The hot flush (or flash) is the most characteristic manifestation of the climacteric. The climacteric can be defined as all the physiological and pathological events that directly follow the onset of reduced ovarian function, both before and after the last menstrual period (the menopause).

The aetiology of the hot flush is complex and is still uncertain but is probably caused by lability in the thermoregulatory centre of the hypothalamus induced by falling oestrogen and progesterone levels. Instability of the thermoregulatory centre leads to sudden, transient and erratic peripheral vasodilation in the skin blood vessels with a concomitant sensation of flushing and a measurable increase in skin temperature. Hot flushes can occur with differing severity and at different frequency during the day or night. At night, these changes may be recognised and referred to as night sweats. Together, hot flushes and night sweats are described as vasomotor symptoms

A Cochrane Collaboration examined double-blind, randomised, placebo-controlled trials of oral HRT therapy for at least three months duration were chosen.

Study participants totalled 2,511. Trial duration ranged from three months to three years. There was a significant reduction in the weekly hot flush frequency for HRT compared to placebo. This was equivalent to a 77% reduction in frequency for HRT relative to placebo.

Symptom severity was also significantly reduced compared to placebo. Withdrawal for lack of efficacy occurred significantly more often on placebo therapy. Withdrawal for adverse events, commonly breast tenderness, oedema, joint pain and psychological symptoms, was not significantly increased for HRT therapy. In women who were randomised to placebo treatment, a 51% reduction in hot flushes was observed between baseline and end of study.
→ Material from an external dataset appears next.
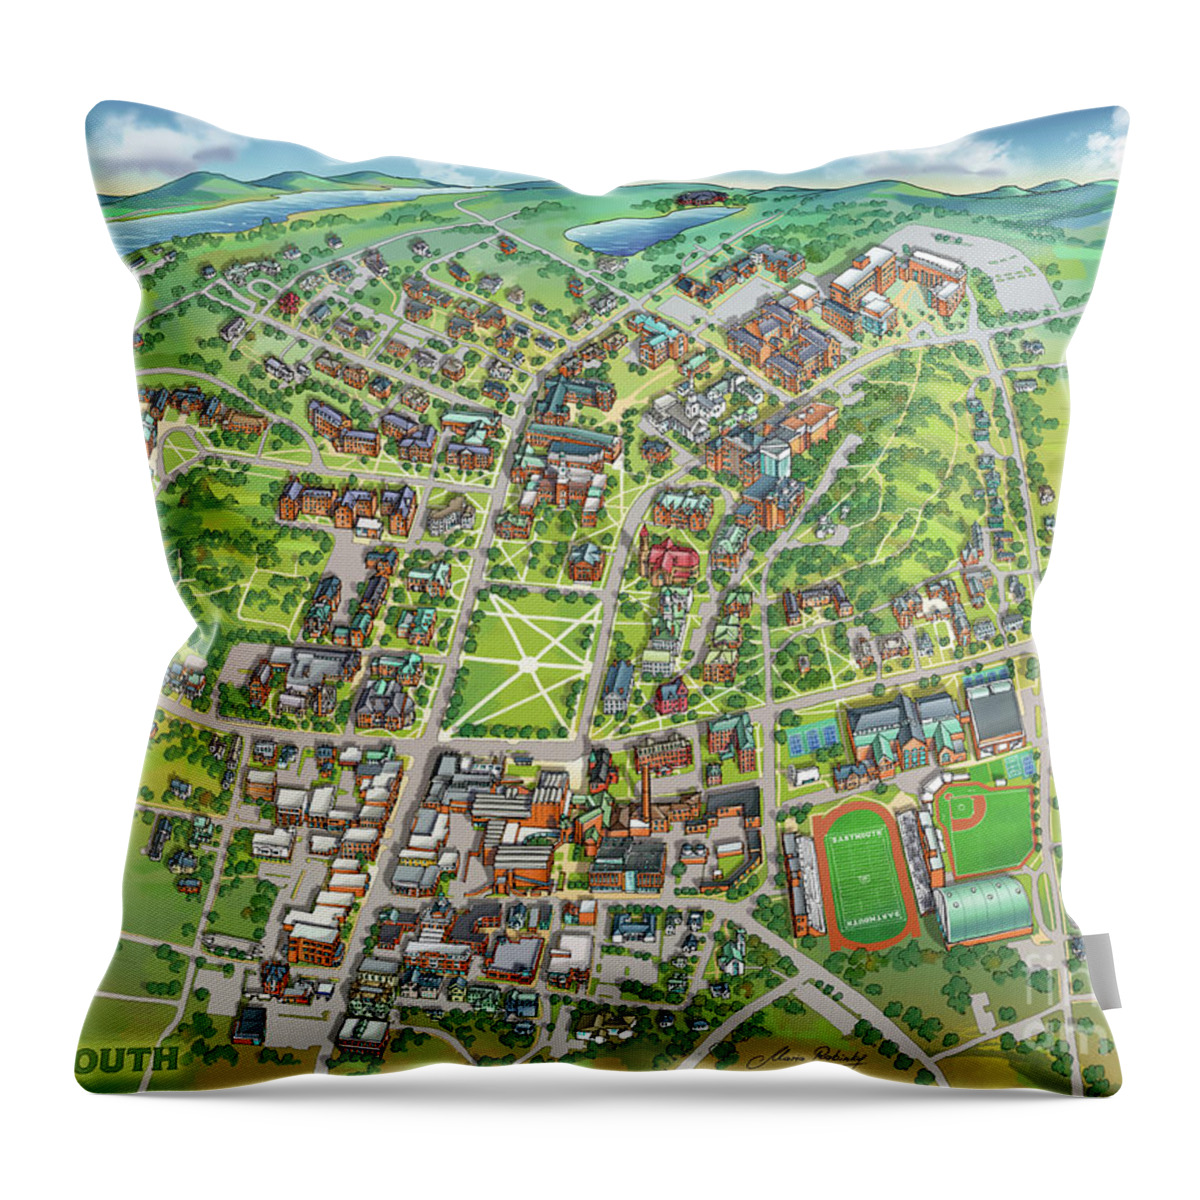 Dartmouth College Throw Pillow featuring the digital art Dartmouth College Campus Map by Maria Rabinky
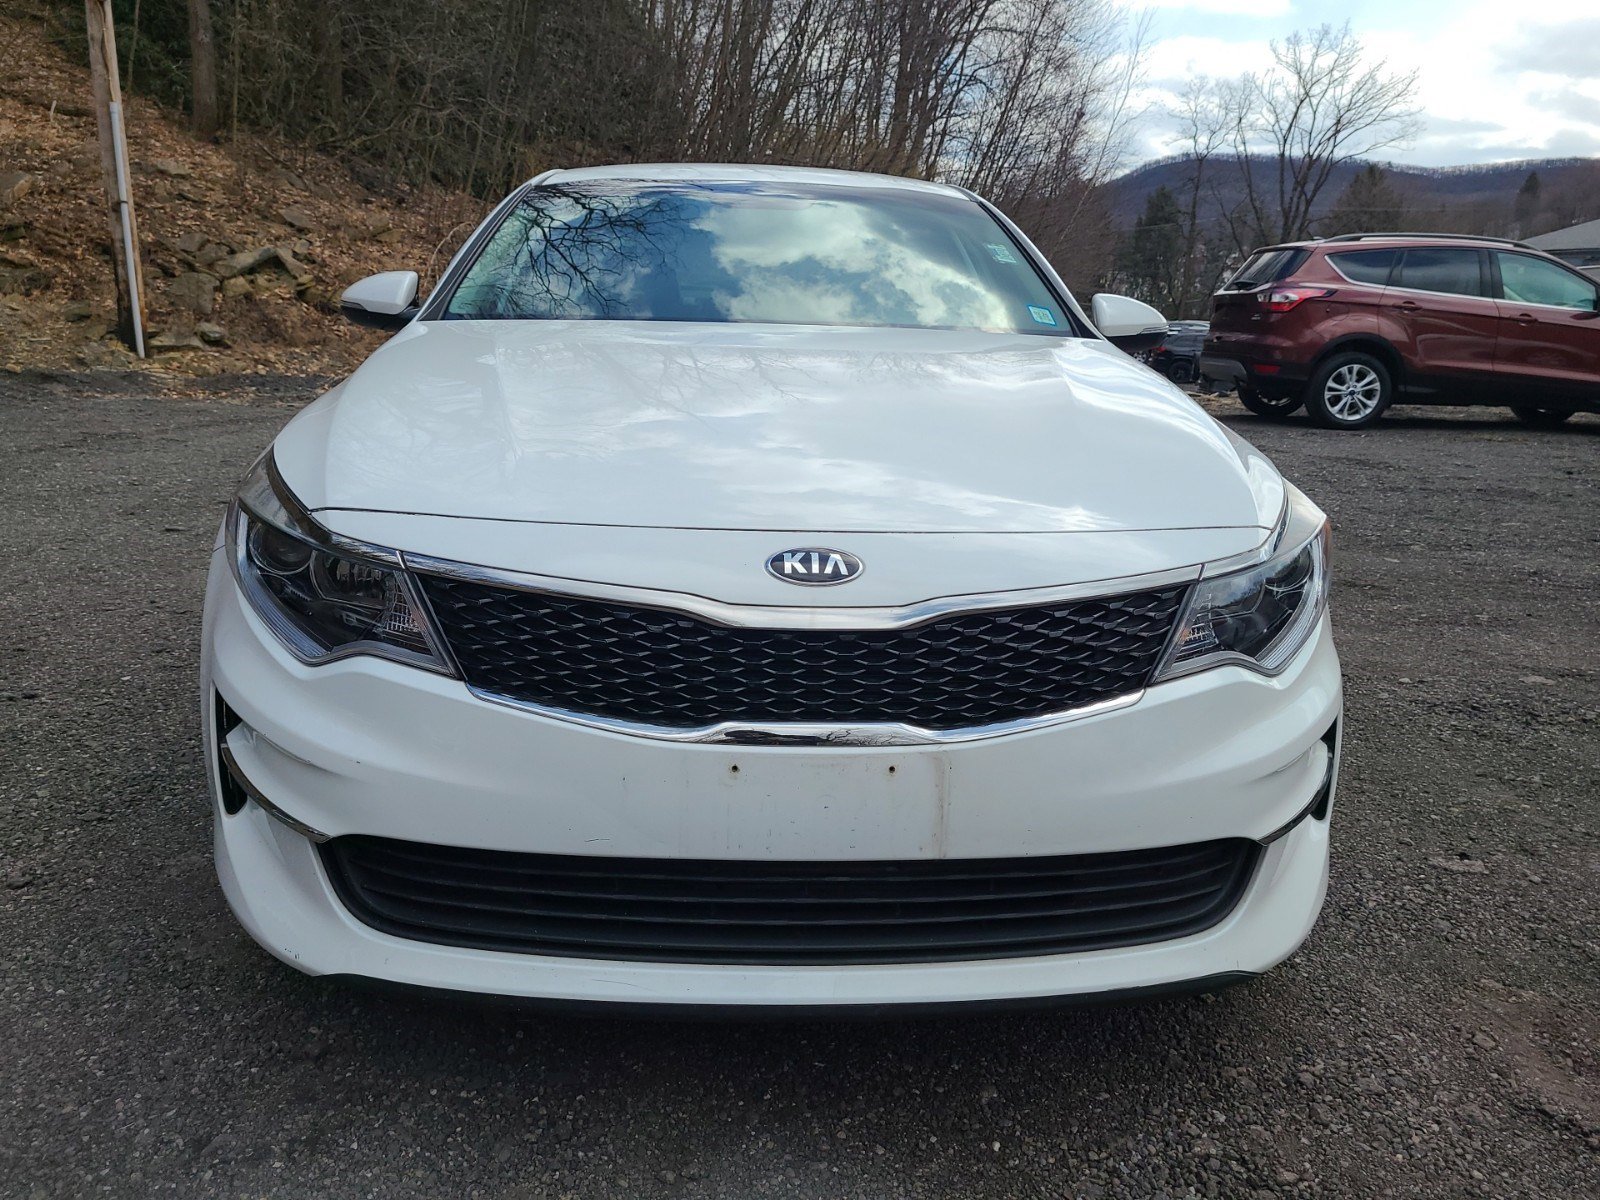 Used 2016 Kia Optima LX with VIN 5XXGT4L38GG015695 for sale in Tamaqua, PA

Oral HRT is highly effective in alleviating hot flushes and night sweats. Therapies purported to reduce such symptoms must be assessed in blinded trials against a placebo or a validated therapy. Withdrawals due to side-effects were only marginally increased in the HRT groups despite the inability to tailor HRT in these fixed dose trials. Comparisons of hormonal doses, product types or regimens require analysis of trials with these specific "within study" comparisons.